A detta di Smith, anni dopo essersi proposto come successore di Jamie Delano – in una sorta di “playoff” con altri due scrittori in ascesa, Warren Ellis e Garth Ennis, colui che poi ottenne il posto – arrivò una telefonata da parte di Karen Berger, editor della linea Vertigo, che gli chiese di realizzare un numero riempitivo. Nacque così Counting to Ten. Secondo alcuni, il migliore episodio di sempre della serie. Un lavoro in cui Smith mostra un controllo e una sensibilità per l’horror psicologico davvero straordinari. Usando tecniche mutuate più da Ramsey Campbell e Clive Barker che da Alan Moore o Jamie Delano, Smith sposta l’orrore fuori dalla storia, facendoci intuire un mondo di angoscia incomunicabile (quella che fa quasi perdere il senno a Costantine) al di là delle pagine del fumetto, e lo fa senza darci spiegazioni definitive né forzarci in alcuna direzione.

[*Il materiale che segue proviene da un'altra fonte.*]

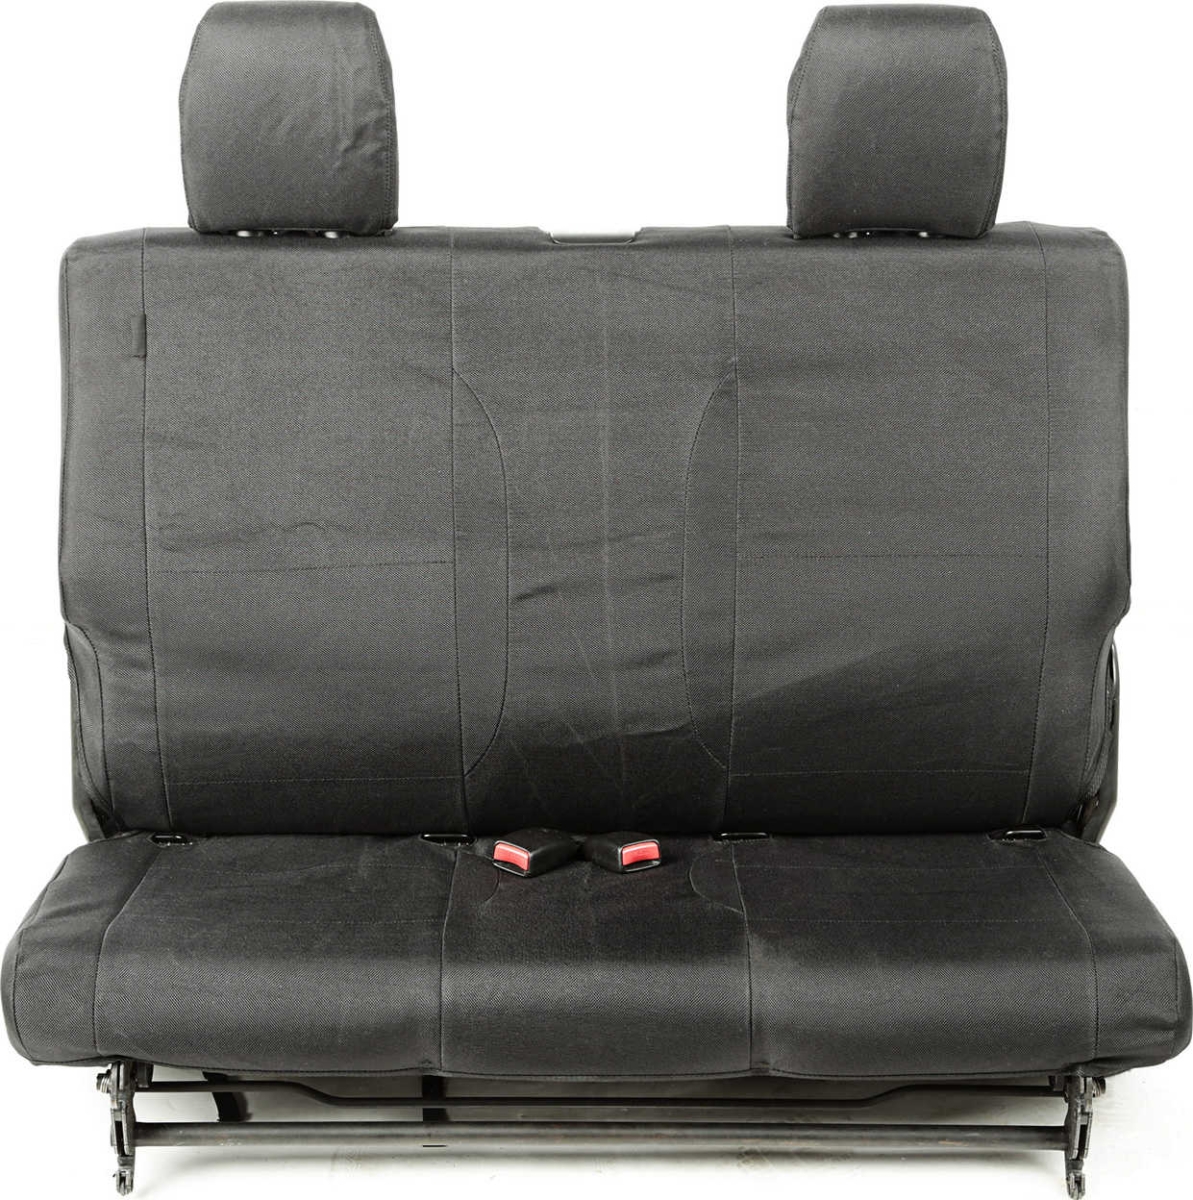 https://www.ks-tuning.de/images/product_images/popup_images/Sitzbezug-Polyester-Set-Vordersitze-und-Rueckbank-Elite-Ballistic-Seat-Cover-Set-black-Jeep-Wrangler-JK-BJ-07-10-2-Door-1325601-4.jpg

Aiutato dal fascino naïf e impressionista di un Sean Phillips pre-ossessione fotografica, in sole 24 pagine John Smith è capace di caratterizzare nella maniera più compiuta tutti i tratti principali di John Constantine, compreso il senso di “inglesità” che aveva caratterizzato il ciclo di Delano. Allo stesso tempo, però, con grande consapevolezza e molta faccia tosta, Smith pratica la strada dell’innovazione. Inizia la storia come una brutta barzelletta, sia in didascalia (“So there I was…”) che visivamente (un inglese entra in lavanderia…) e, in maniera naturale, si permette di svelare subito, una volta per sempre e in maniera inoppugnabile, la bisessualità di John Costantine. A livello di sceneggiatura, i dialoghi e le didascalie (l’io interiore) plasmano il personaggio, aggirando dall’inizio in maniera decisa il cliché di “English bastard” monodimensionale su cui tanti sceneggiatori (alcuni anche bene o molto bene) si sono basati.

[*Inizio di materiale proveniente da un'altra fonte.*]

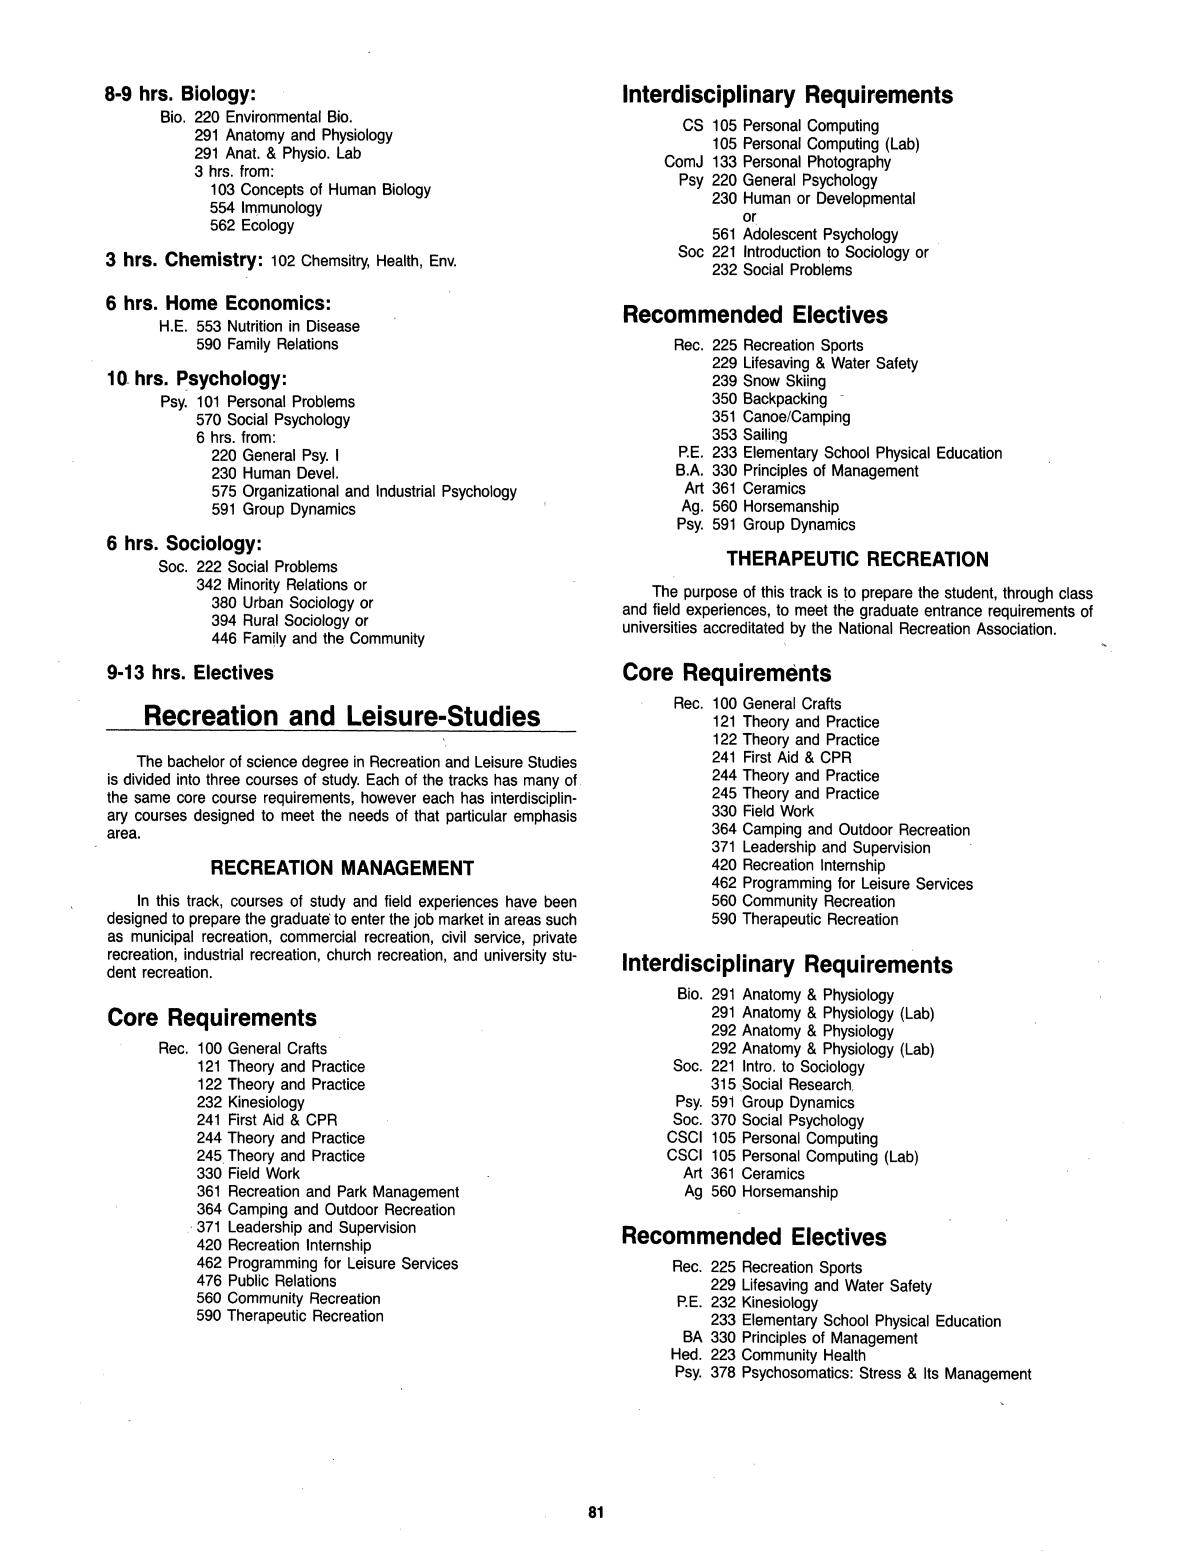 Catalog of Abilene Christian University, 1985-1986
                                                
                                                    81

Usando una griglia fitta di vignette, interrotta solo all’inizio e alla fine da splash page che dilatano i tempi narrativi, lo sceneggiatore riesce a costruire una storia assolutamente statica, in cui la tensione sale solo grazie alla sua capacità di raccontare l’ineffabile (anche grazie ai ficcanti primi piani di Phillips, che tratteggiano l’atmosfera sporca e deprimente che fa da catalizzatore alle ossessioni più profonde di Constantine – e del lettore). Come ha osservato qualcuno, nelle mani di altri sceneggiatori le ambiguità che rendono la storia un trionfo sarebbero state probabilmente evitate tramite un trattamento “verticale” (leggi: c’è una minaccia e John la affronta). Ma Smith non sembra accontentarsi, e opta per soluzioni più spaventose e meno accademiche. La trivialità dell’orrore – mai come in questo caso horror vacui – che l’autore aveva elaborato fino ad allora e che svilupperà ancora negli anni della maturità, inizia a prendere corpo in maniera diretta, ponendo le basi di quell’approccio “sensoriale” all’horror che caratterizza da sempre la scrittura di Smith.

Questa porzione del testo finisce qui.